Prompt injection is one of the easiest ways for an otherwise capable AI application to behave unsafely, leak data, misuse tools, or ignore its intended rules. This checklist is designed for teams building retrieval-augmented generation systems, agentic workflows, and tool-using LLM apps that need practical defenses rather than vague warnings. Use it before launch, during major workflow changes, and whenever you add a new data source, model, tool, or integration.

Overview

The core problem is simple: an LLM often treats text as instructions, even when that text comes from places you do not fully control. In a basic chatbot, that might mean a malicious user message. In a RAG pipeline, it can also mean a poisoned document, web page, support ticket, code comment, PDF, or CRM note. In an agent, it can mean a tool result, browser content, or an intermediate step generated by another model.

That is why prompt injection prevention is not only a prompt engineering task. It is an application security task that spans system design, retrieval, tool calling security, output validation, observability, and testing. Good prompts help, but prompts alone are not a sufficient boundary.

A useful mental model is to separate your application into three trust zones:

  • Trusted instructions: your system prompt, developer policies, tool schemas, allowlists, and backend business rules.
  • Untrusted content: user input, retrieved documents, web results, uploaded files, emails, logs, and third-party API responses.
  • Sensitive actions: sending emails, querying internal systems, making purchases, writing data, invoking code, or revealing privileged information.

Your goal is not to make the model magically understand security. Your goal is to design the application so untrusted content cannot easily override trusted instructions or trigger sensitive actions without separate controls.

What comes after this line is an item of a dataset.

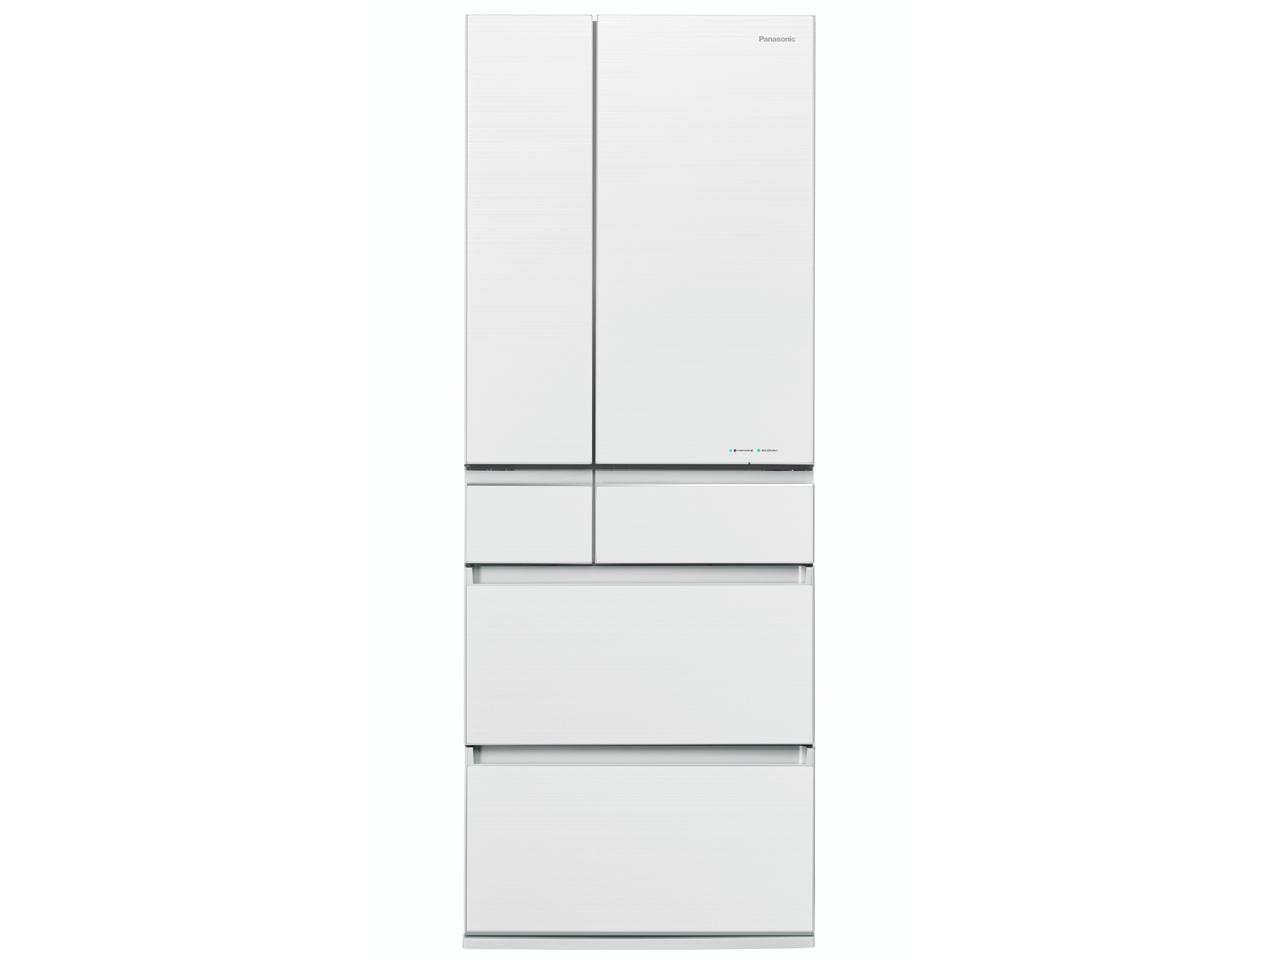 NR-F604HPX-W [マチュアホワイト] の製品画像

As a starting point, keep these baseline principles in place for any LLM app development project:

  • Treat all external text as untrusted, even if it comes from internal systems.
  • Do not let the model decide its own permissions.
  • Separate instruction channels from data channels wherever possible.
  • Constrain outputs with schemas and validators when using structured output JSON.
  • Require deterministic checks before executing high-risk tool calls.
  • Log enough context to investigate failed or suspicious runs.
  • Test with adversarial examples, not only happy-path prompts.

If you need a companion read for reliable schemas and constrained responses, see Structured Output from LLMs: JSON Mode, Schemas, and Validation Strategies That Actually Work.

Checklist by scenario

Use the lists below as a scenario-based review before shipping or expanding an LLM feature.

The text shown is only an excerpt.